# Why doesn't ZFC define a truth predicate by recursion?

I am asking about the answer given by @aws on the page Why do class-sized models escape the completeness theorem?, and whether and why what aws says is correct. In the answer aws sketches a fake "proof" that ZFC proves its own consistency, by defining a class function $$F$$ that determines truth given a string/godel number associated to an input formula. They say that this proof goes wrong because "We want $$F(\forall x \phi(x))$$ to be one if $$F(\phi(a))=1$$ for every $$a\in V$$ and zero otherwise. However, we can't state this directly in the language of set theory," and "because the formulas can have parameters from V, there is a proper class of them, and in particular the inductive clauses for quantifiers would be most problematic." However, I don't see why it isn't perfectly fine to define $$F(\ulcorner\forall x \phi \urcorner,[a])= \begin{cases} 1 & \forall x (F(\ulcorner\phi \urcorner, [a^i_x])=1)\\ 0 & \textrm{else} \end{cases}$$ and then use recursion to find a class function/truth formula $$F$$, proving the consistency of ZFC.

Am I making a mistake? Or am I right and the problem with this construction lies elsewhere (like maybe in the fact that resulting class function $$F$$ will have free parameters).

• Try writing down in detail how you'll "use recursion" to define an $F$ satisfying that recursive equation. $\mathsf{ZFC}$ lets you carry out some recursive constructions, but not all - and this is one which it does not permit.

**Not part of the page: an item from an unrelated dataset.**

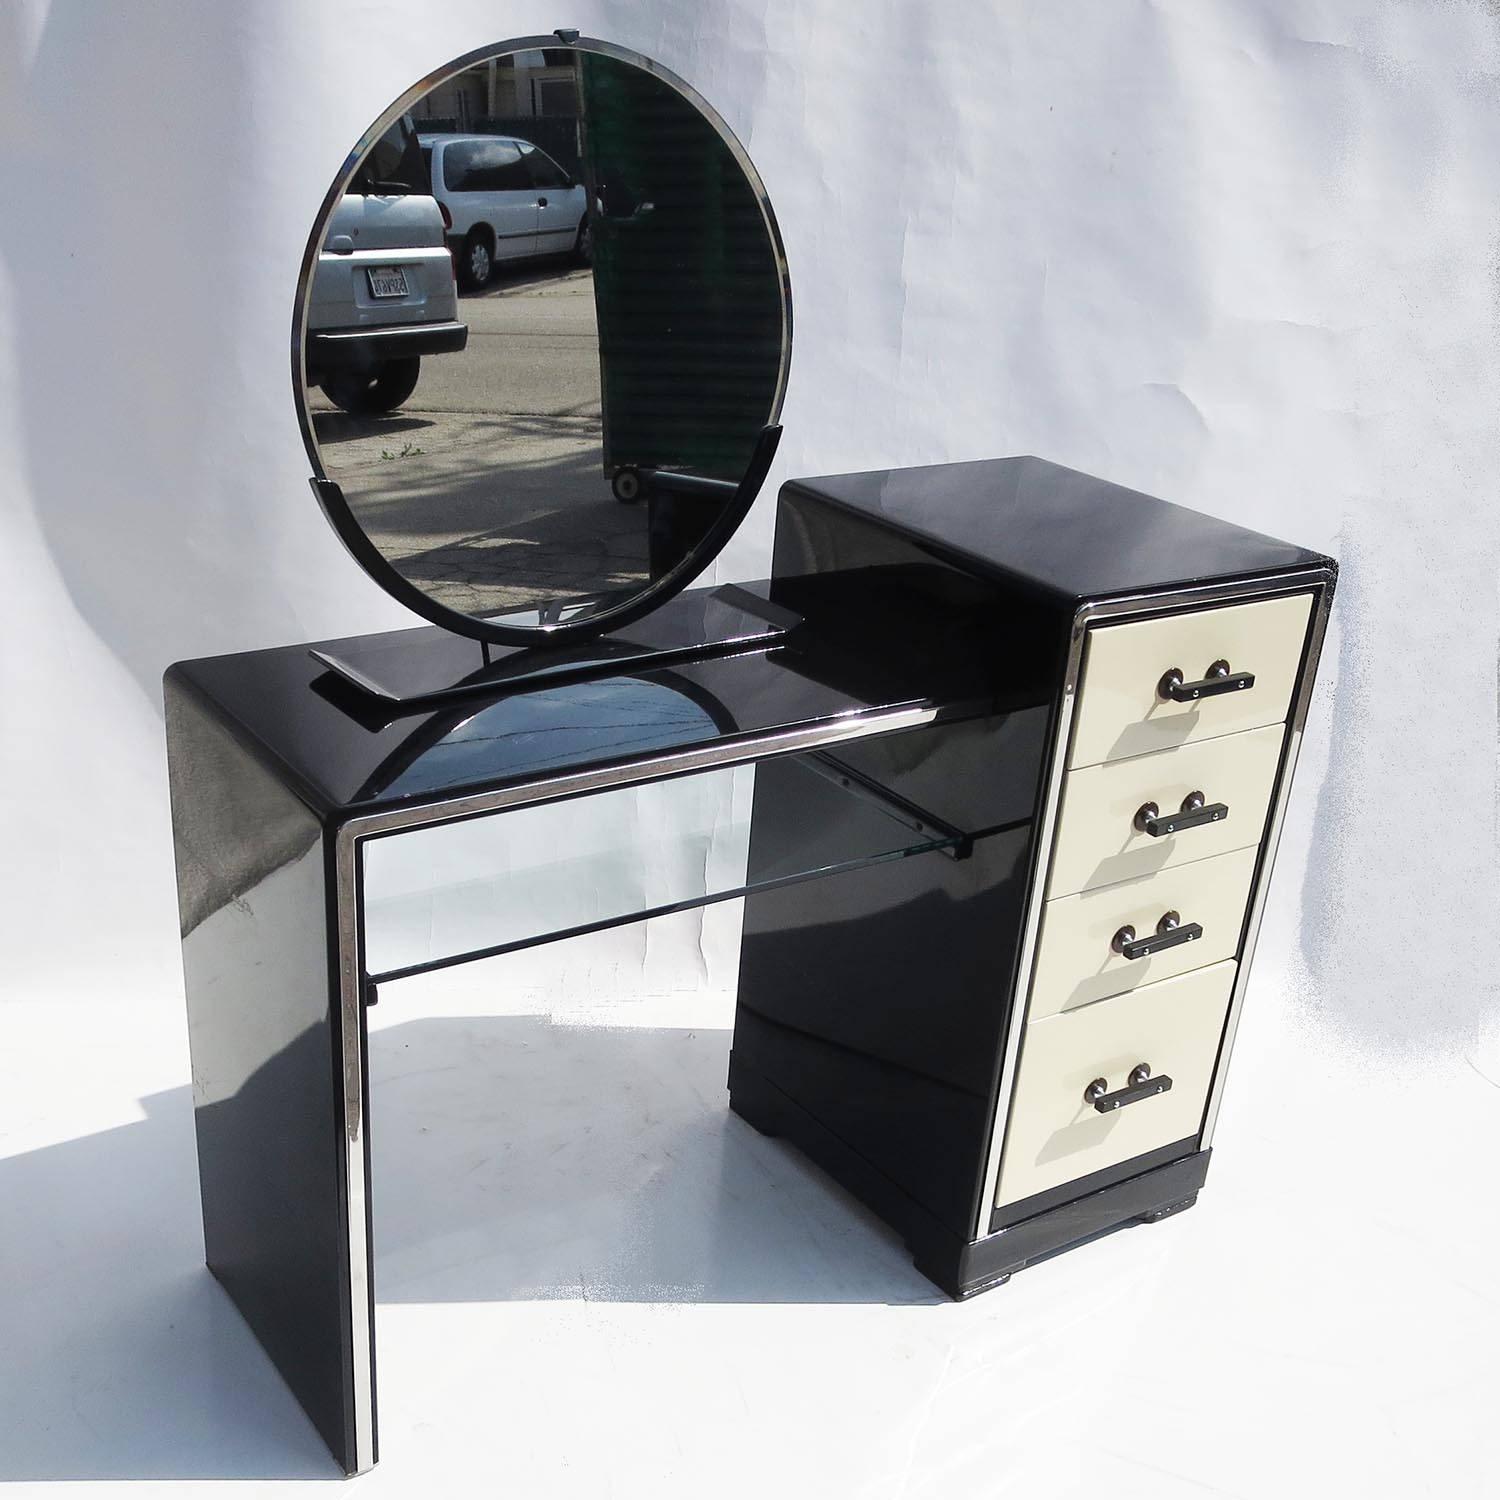 This wonderful and stylized set was designed by famed Industrial designer Norman Bel Geddes for the Simmons Furniture Company in 1934. The set is complete, consisting of the dressing table, a matching bench and tabletop mirror. All pieces are

May 6, 2021 at 23:39
• I explained this in the second part of my answer to mathoverflow.net/questions/87238 ; start reading at the 7th sentence, "What goes wrong if you try to define, in the language of ZFC, this notion of truth (or satisfaction) in the universe?" May 6, 2021 at 23:44

Thanks to @NoahSchweber and @AndreasBlass for their comments. Following Andreas's mathoverflow post, the truth of $$\forall x \phi(x)$$ depends on $$\phi(x)$$ for class-many values $$x$$.
Suppose we are using godel numbering to index formulas by elements of $$\omega.$$ If we were to try to define the class function giving truth $$F$$ recursively by the equation given in my question, we would have to construct a relation $$R$$ on the set $$\omega\times V^{\omega}$$ of formula-valuation pairs such that evaluating $$F$$ at an element of $$\omega\times V^{\omega}$$ is only dependent on $$F$$ at previous values under the relation $$R,$$ and such that $$R$$ is set-like, meaning that the collection of predecessors of any element under $$R$$ forms a set. However, because the the truth of a formula with unrestricted quantification is dependent on the truth of class-many valuations, such a relation $$R$$ cannot possibly be set-like.